**TASK STATEMENT:** From the records below, output exactly the lines running from the line containing "Wide Used Xm2-40" through the line containing "EDINBURGH, SCOTLAND - DECEMBER", and no others.
===== DATA
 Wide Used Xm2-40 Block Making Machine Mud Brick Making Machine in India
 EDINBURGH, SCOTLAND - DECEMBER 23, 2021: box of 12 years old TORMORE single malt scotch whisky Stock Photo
==========
===== DATA
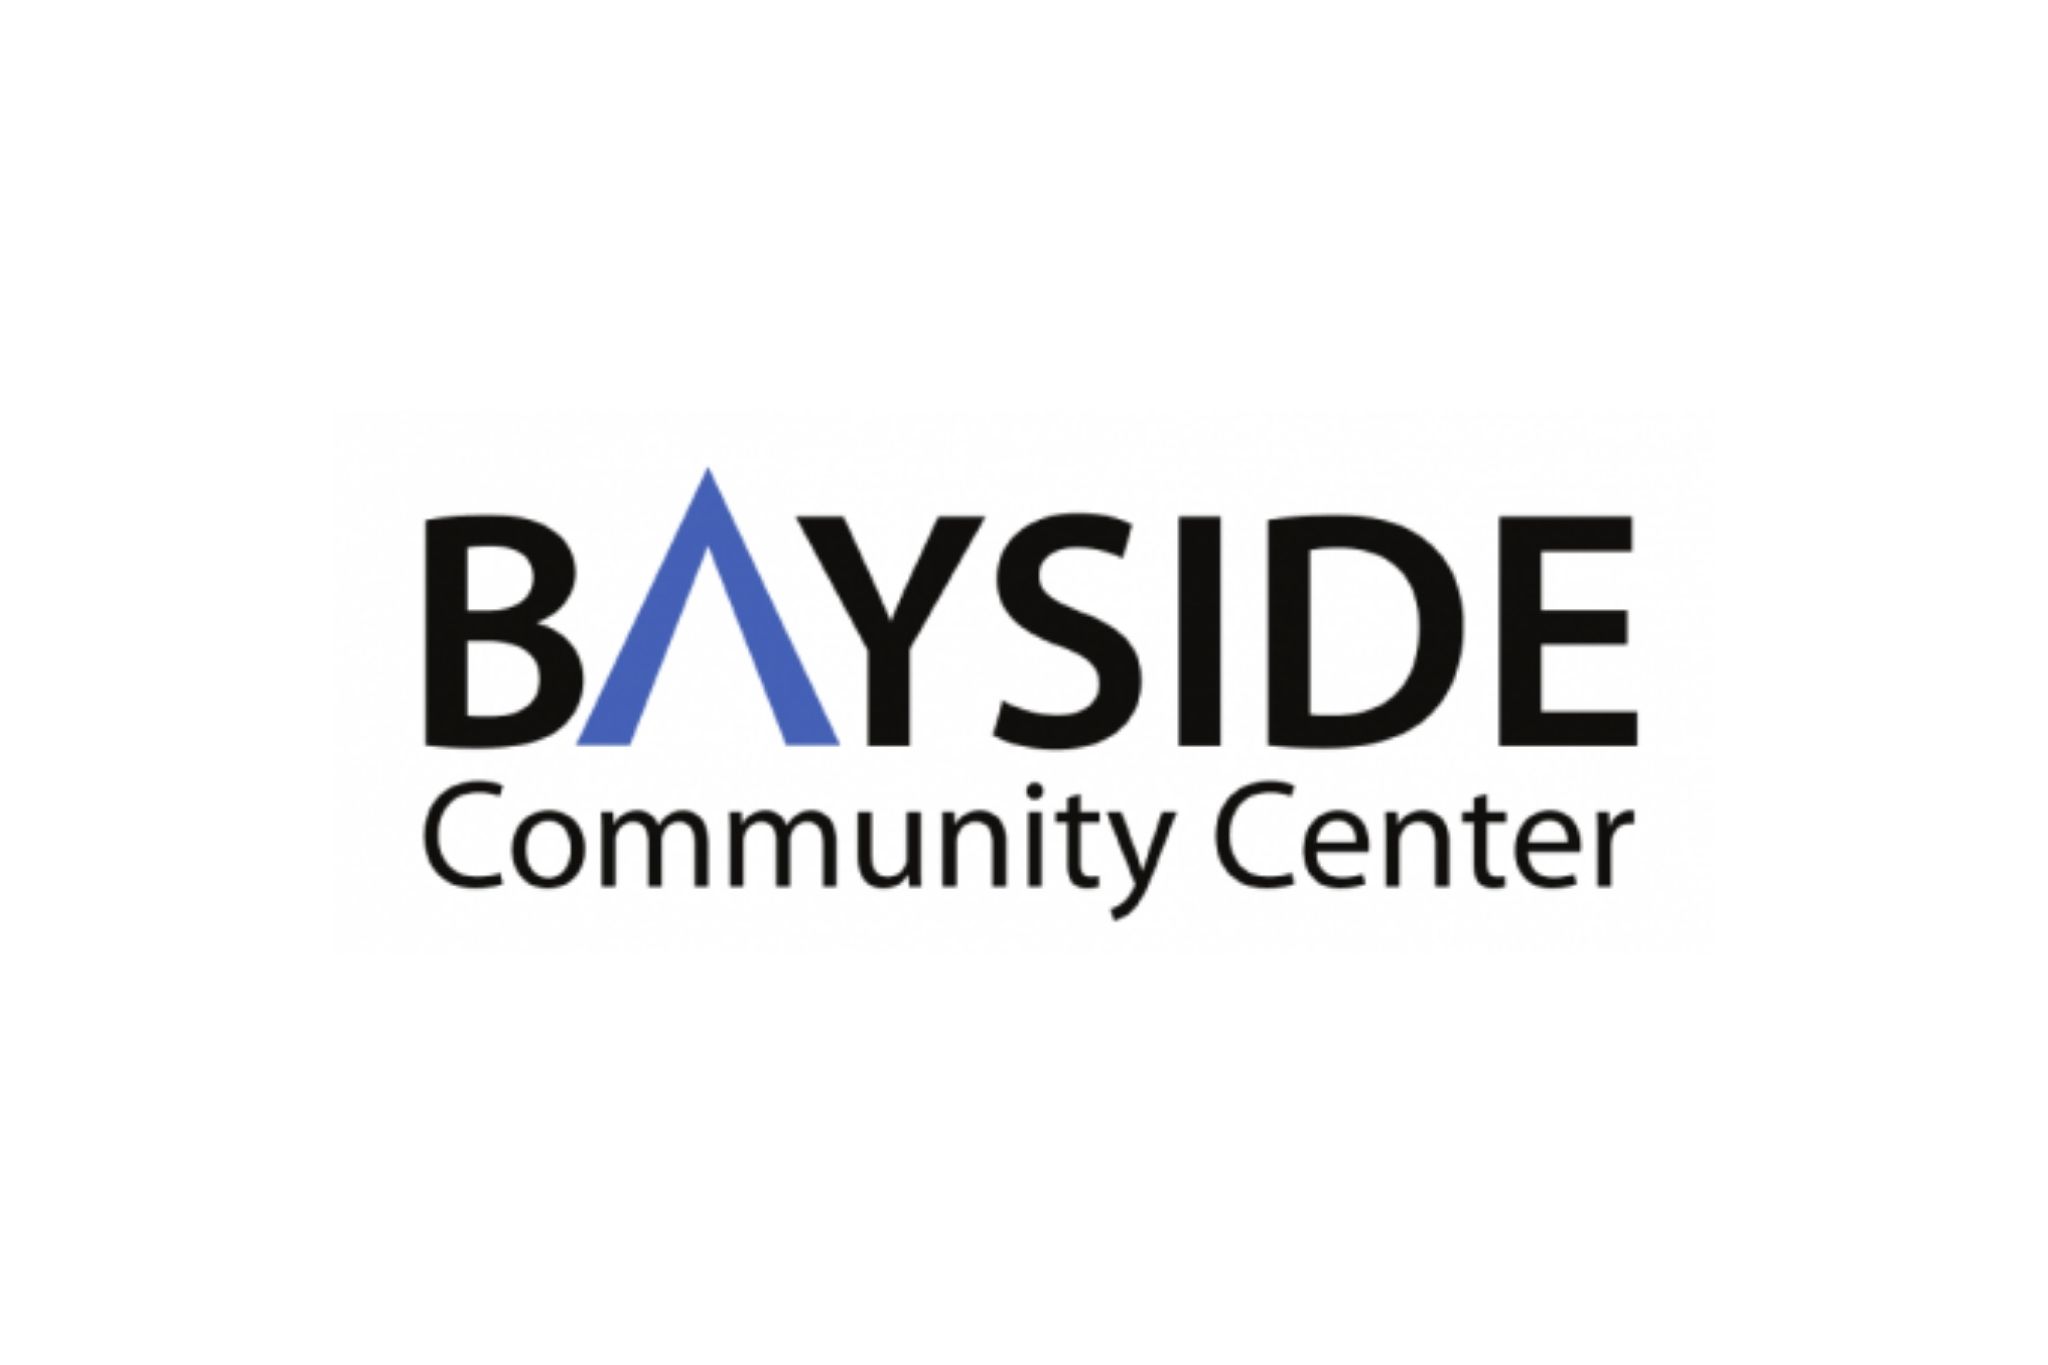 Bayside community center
==========
**RESPONSE AREA:**
 Wide Used Xm2-40 Block Making Machine Mud Brick Making Machine in India
 EDINBURGH, SCOTLAND - DECEMBER 23, 2021: box of 12 years old TORMORE single malt scotch whisky Stock Photo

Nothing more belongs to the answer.